We developed an approach to measure automation comprehensively from patent texts and began with a wide technological definition of automation without presupposing the effects, if any, that automation has on employment. Our definition encompasses diverse areas, including software, robotics, or any other physical or immaterial innovations involving a device that carries out a process independently of human intervention. Patents are a natural candidate for measuring technological progress and frequently serve as proxies of innovation. Although the number of patents and patent metadata are often used as measures, the text of patents has not been the focus of prior work. We classified automation patents based on a standard technology-based encyclopedia definition of automation: a device that carries out a process independently.

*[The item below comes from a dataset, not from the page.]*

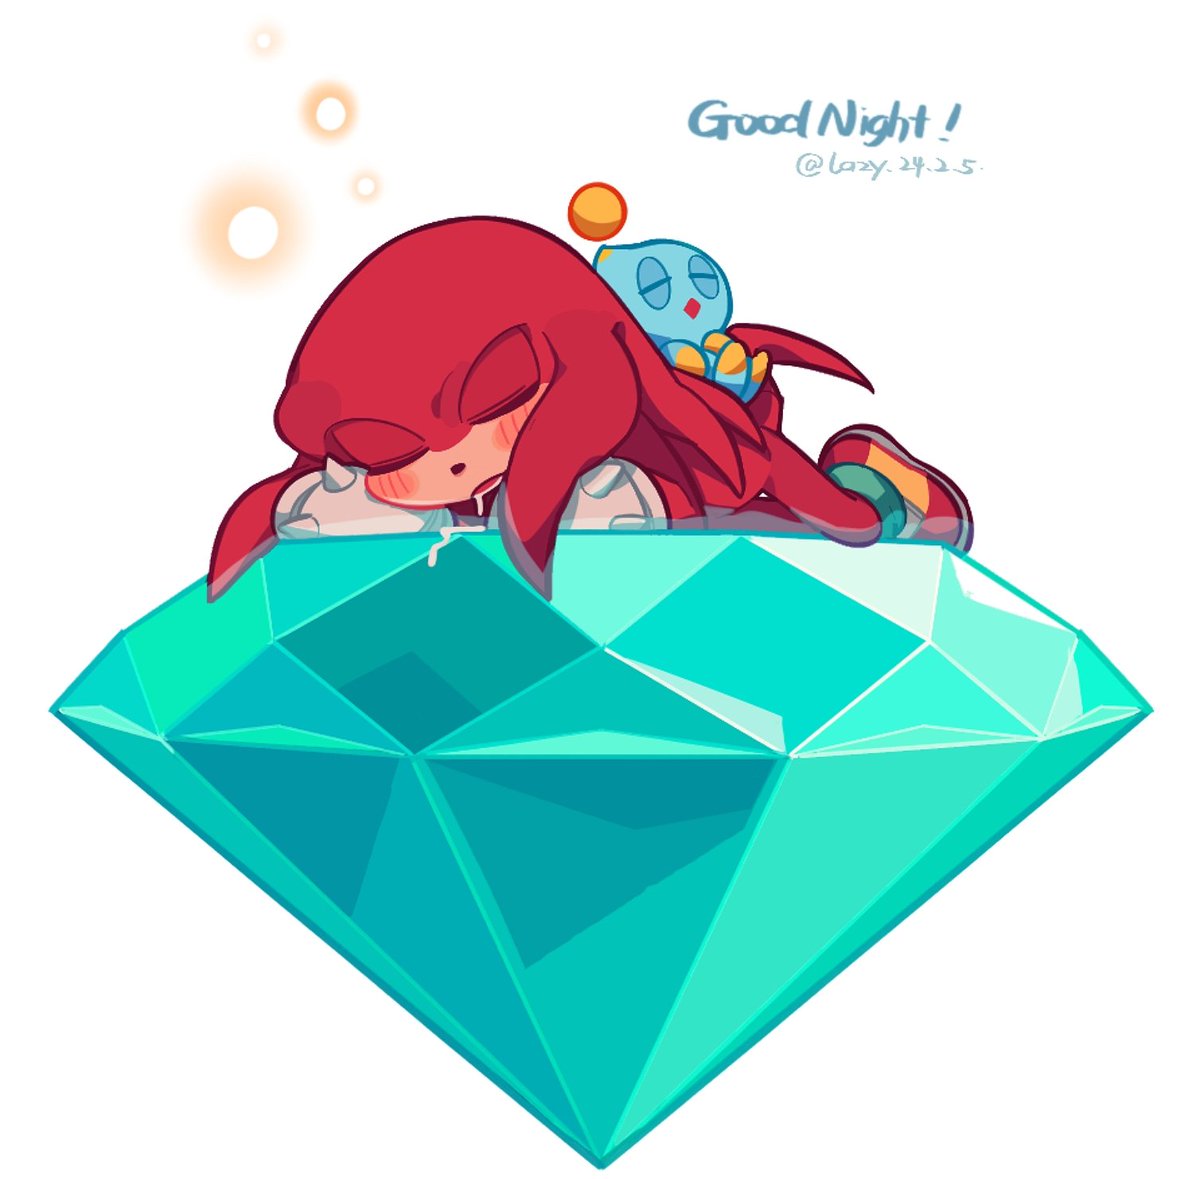 「Good night everyone#KnucklesTheEchidna 」|Yoho_！のイラスト

We extracted the texts of all 5 million US patents granted between 1976 and 2014 and trained a machine learning algorithm on a sample of 560 manually classified patents to distinguish between automation and nonautomation innovations. Our research reveals a large increase of automation patents over time. As a share of total patents, automation patents have increased from 23 percent in 1976 to 59 percent in 2014. We matched patents to the industries where they are most likely to be used based on the patents’ technology classes. Thus we produced a measure of newly available automation technology at the detailed industry level. We validated this measure by comparing it with previously used measures of automation—investment in computer capital and robot shipments—and found that the number of automation patents is positively correlated across industries with these measures.
Our research estimates the labor market effects of automation at the level of US commuting zones (CZs) using a data set of new automation technology patents that covers 722 CZs over 39 years. A complication is that local labor market conditions may influence the number of automation patents filed, making it difficult to isolate how automation patents influence local labor markets. Our research design addresses this concern by analyzing industries that are located in many different CZs throughout the country because national industries are unlikely to adopt automation in response to labor market trends in a specific CZ. Additionally, our research uses information on the patent filer to identify innovations that are unconnected to US labor market developments. Patenting activities by universities, public research institutes, foreigners, and governments are less likely to result from a business interest in the United States, making it less likely that these patents were filed in response to local labor market conditions.
Our research assesses the effect of automation patents on local employment-to-population ratios over a five-year horizon. First, it finds a significantly positive effect of automation on total employment, but our results show that the positive effect arises entirely in the service sector, whereas manufacturing workers do not benefit from automation. Second, our results reveal that automation has negative consequences for workers in CZs with a higher share of repetitive job tasks in manufacturing. Third, our results suggest that the effect of automation has become less positive over time. Our research also studies wages and provides evidence that automation has positive effects on wages in CZs with a low repetitive-task share but negative effects in others.
There are strengths and weaknesses to our approach to measuring automation technology. Text classification is an inherently imprecise activity, and we introduced further imprecision through probabilistic matching of patents to industries and CZs. Also, we made assumptions on the usefulness of patents and the way they are implemented. On the upside, we imposed fewer assumptions on the nature of advances in automation technology compared with past research that uses repetitive-task shares or computer and robot investment. Also, our measure allows us to closely track the technology frontier, translating newly granted patents into a detailed data set at the industry or CZ level. Therefore, we consider our measure a complement to previous measures of automation.
NOTE
This research brief is based on Katja Mann and Lukas Püttmann, “Benign Effects of Automation: New Evidence from Patent Texts,” Review of Economics and Statistics 105, no. 3 (May 2023): 562–79.